There have been other lovers since but “I’ve been single for two years now,” says Hayes.
“Ultimately, I haven’t been lucky in love because I haven’t been at peace with myself.” These
days, “he’s not as in-demand as you’d think”, says Conley, who has known Hayes for about five
years. “I mean, he’s a good looking guy with a great personality. But he doesn’t put himself out
there much – so it’s hard for him to get into relationships. He’s looking for the right person who’s
got the right intentions. When you’re in his position, it’s hard to know what people’s intentions
are. Sometimes you get taken for a ride. He’s definitely aware of that.”

Hayes has reason to be guarded. He talks with great fondness of his older sister, Tracey, 38, a
mother-of-two in Queensland who runs his official fan club and with whom he talks, without
fail, every day on the phone. (Hayes also has a brother Peter, 35). Growing up in Woodridge, a
satellite suburb south of Brisbane, he and Tracey would walk down to Woody’s music store,
where Hayes later worked as a teenager. There was no money in the family. “Tracey and I would
go down every weekend and look at vinyl and talk about stuff. We didn’t have enough money to
buy new records but we got a lot of secondhand ones or hand-me-downs and she got me into
Fleetwood Mac and Motown.”

But behind Hayes’s cherished recollections, there is a strange air of sadness, even caution, when
he talks about his early family life. The singer is close to both his parents, Judy and Robert, and
his siblings – he goes home for Christmas every year and his family members often fly to visit
him – but he admits things weren’t easy when he was growing up.

“I definitely had a very turbulent family life,” says Hayes. “It was something as an adult I’ve
blocked out. I think I compensated through having this extraordinary job where I though the
whole world would clap and cheer for me and that would make me feel OK. And it didn’t.” He
slowly shakes his head. “Obviously issues in my childhood, all those feeling of inadequacy.
There’s a difference between saying you forgive someone and then saying you forget about
something.”

Hayes won’t elaborate. He rarely discusses his childhood in interviews and seems genuinely
uncomfortably when revealing personal details. “This interview is terrifying, to be this open,
because there are certain parts of me I’ve wanted to keep to myself. But I couldn’t talk about my
new music without admitting it comes from a very personal place.”
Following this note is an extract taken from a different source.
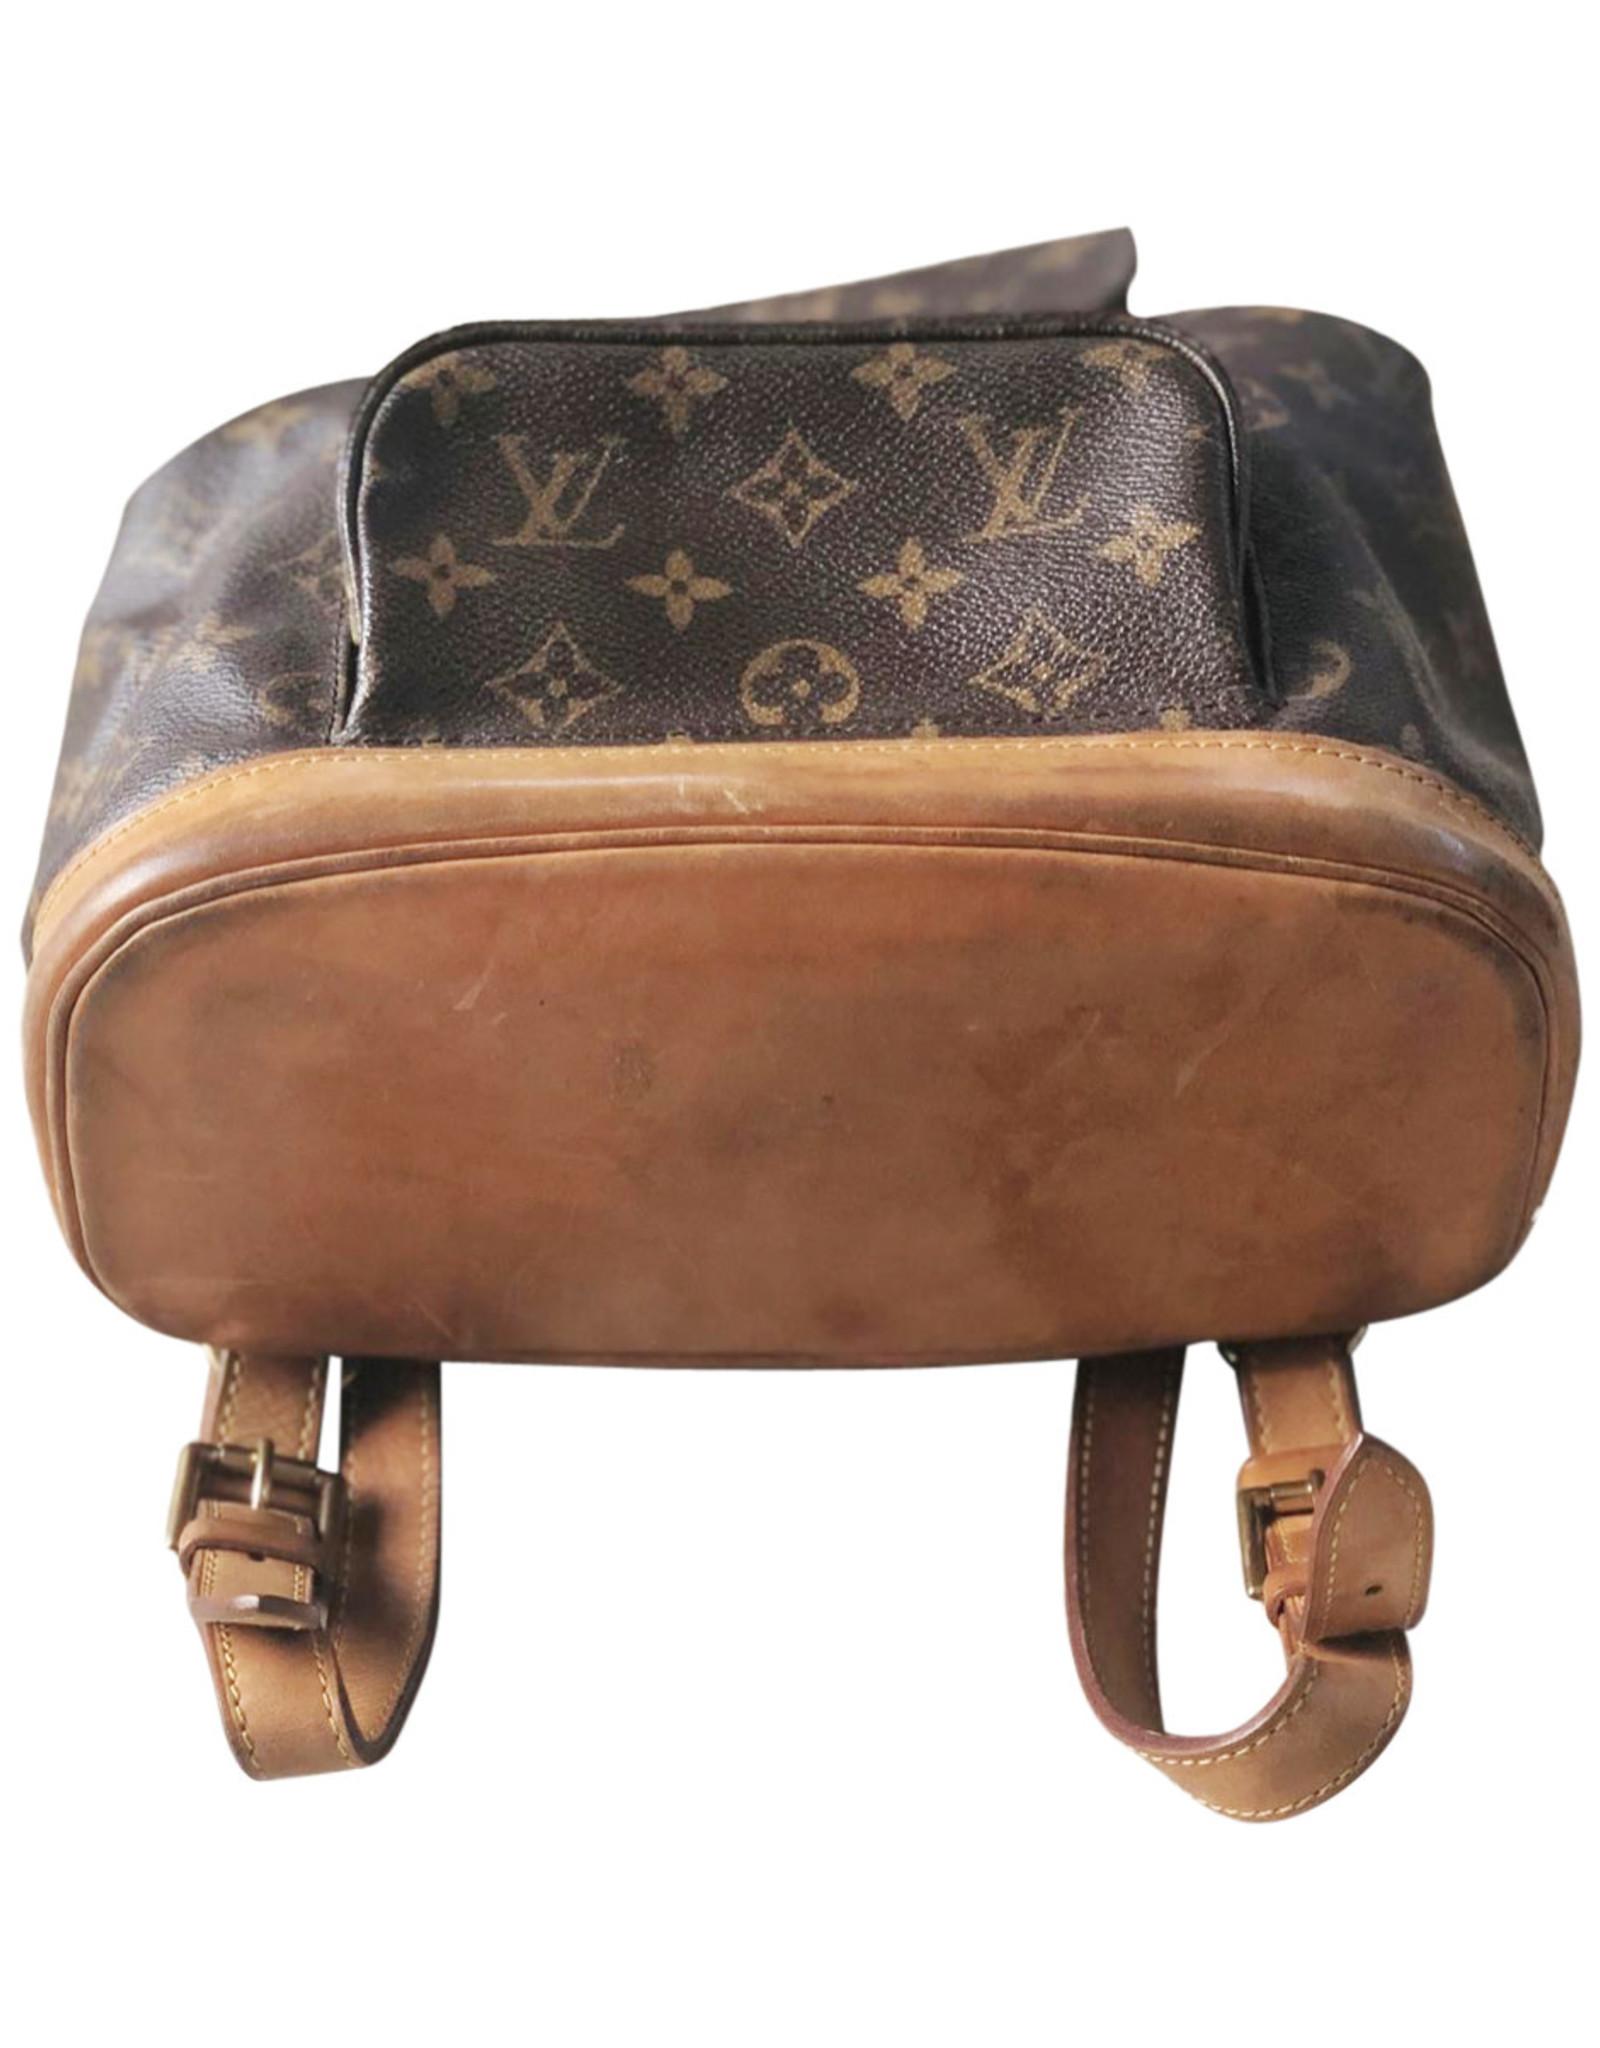 Louis Vuitton Louis Vuitton Classic Backpack (Collector's Vintage)

But, he says, “I don’t want to have one of those articles that is like, ‘Oh my God, my tortured
life, my tortured childhood.’ I definitely had some issues growing up and they were all dealt
with. I love my family now. We’re completely sorted out. (But) I’m a 32 year old man now and I
guess I used a lot of that darkness, a lot of that angst, on this record. I’ve been hiding it for
years.”

After the release of Spin, Hayes was far from keen to get back into official recording mode.
Conley says Hayes, who is already a multimillionaire (the singer compares his fortune to
“winning Lotto”), isn’t consumed by his career. “His entire focus definitely isn’t music. He turns
it on, then he turns it off. He’s a real movie buff; he goes to the movies almost every night (often
by himself). He doesn’t go out a lot besides that – he’s a lot more antisocial than you’d think;
he’s sort of any anti-celebrity. He turned all that down.”
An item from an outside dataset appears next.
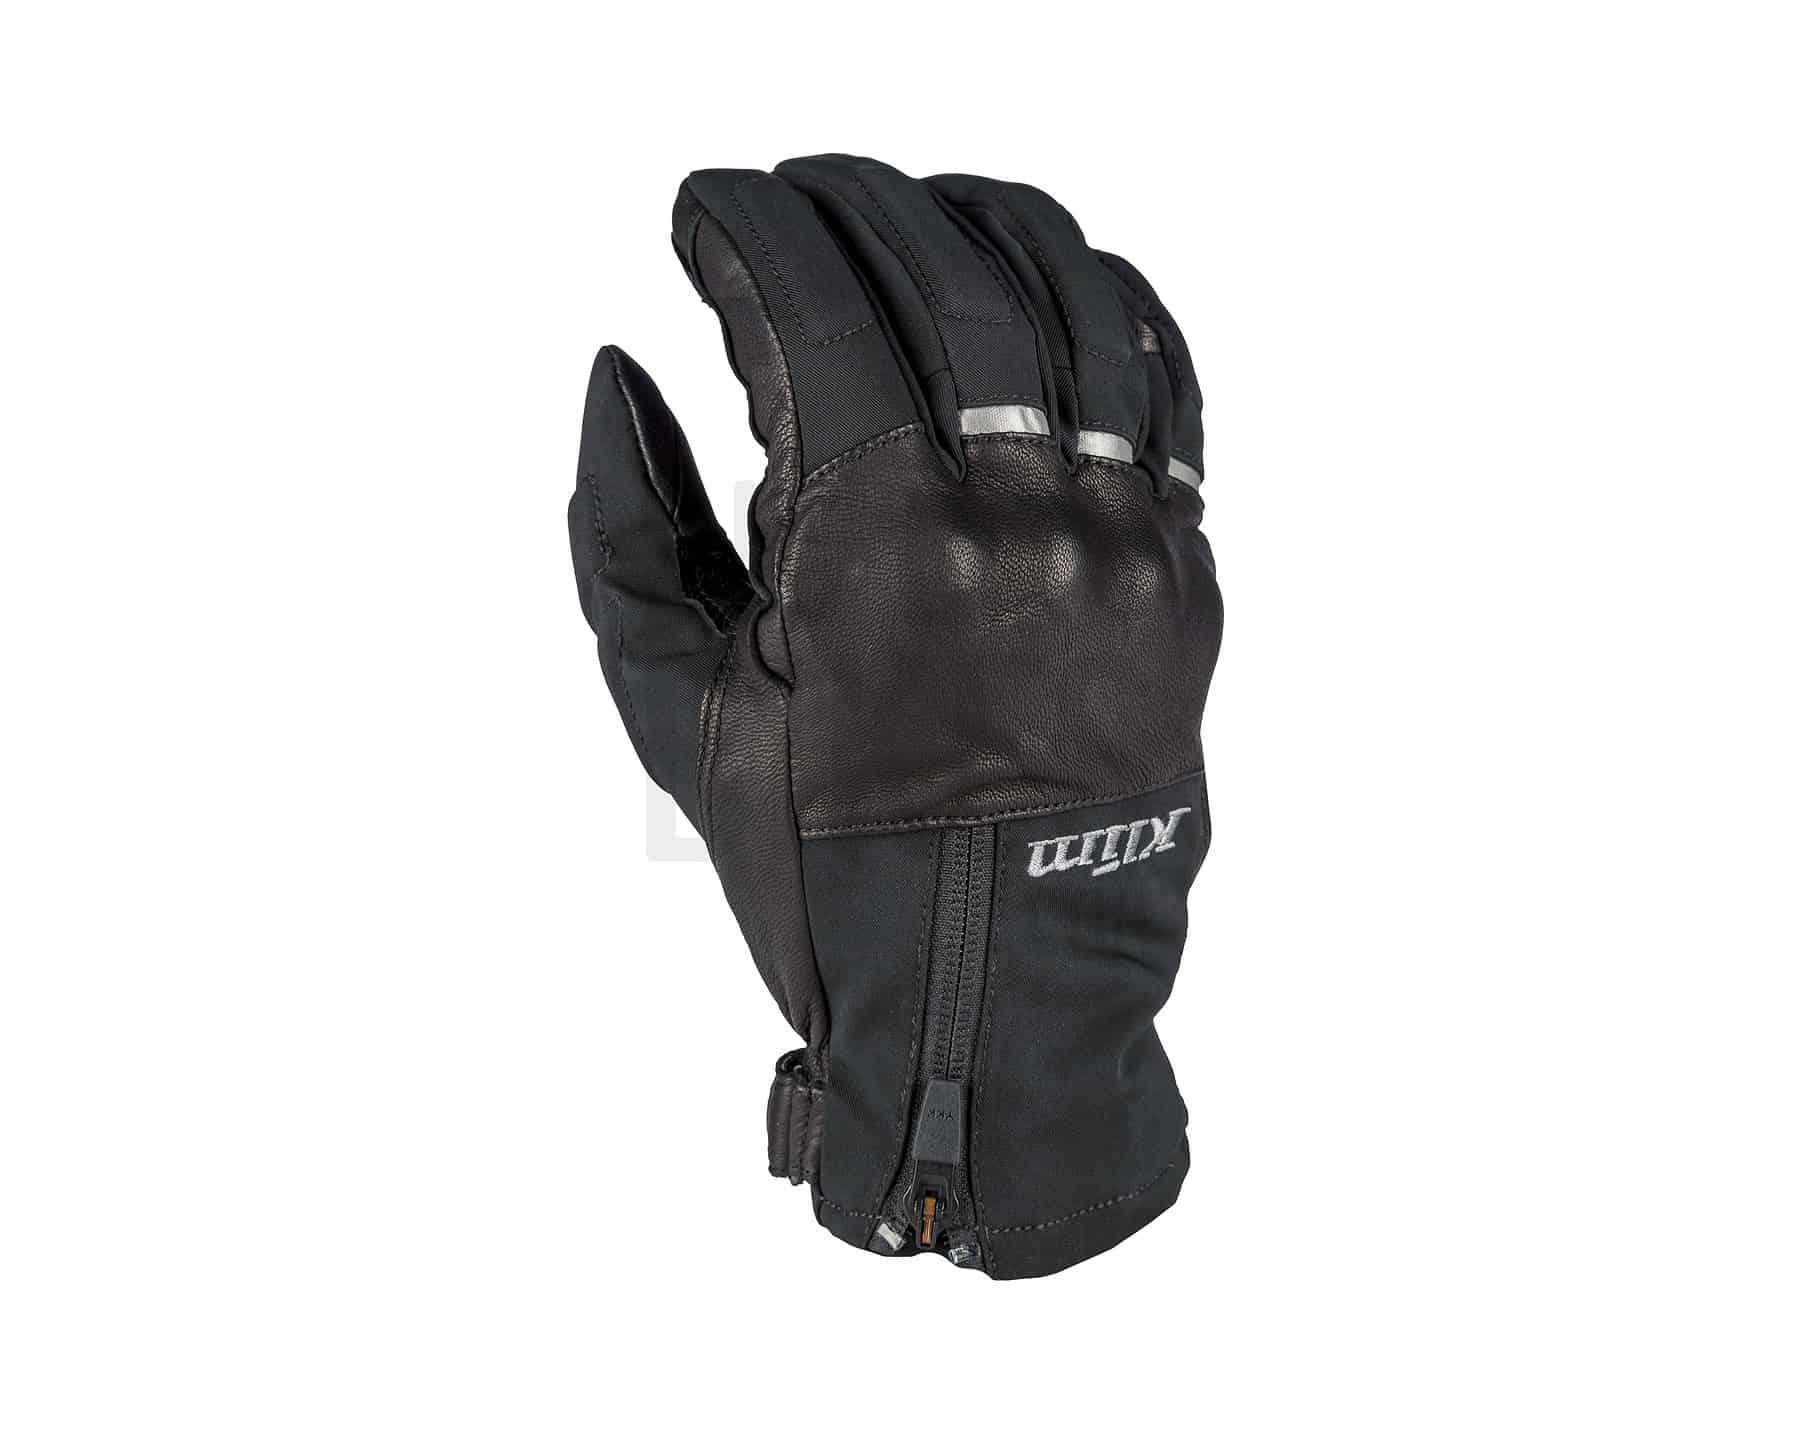 Vanguard GTX Short Glove_3922-000_Black_01

Even during this post-Spin years of soul searching, while he was experimenting with different
instruments, including guitar and piano and building tracks with Conley at his home studio,
Hayes wouldn’t admit to his record company – or even himself – that he was working on a new
album. He was so fearful of the immense pressure involved. But, firmly steeped in electronica,
The Tension And The Spark, is already creating a buzz in the music industry.

“I’m not nervous,” says Hayes. “I’m just happy there are no gold trumpets and red carpets.
People are preparing to be underwhelmed and I like that. It’s a great position to be in.”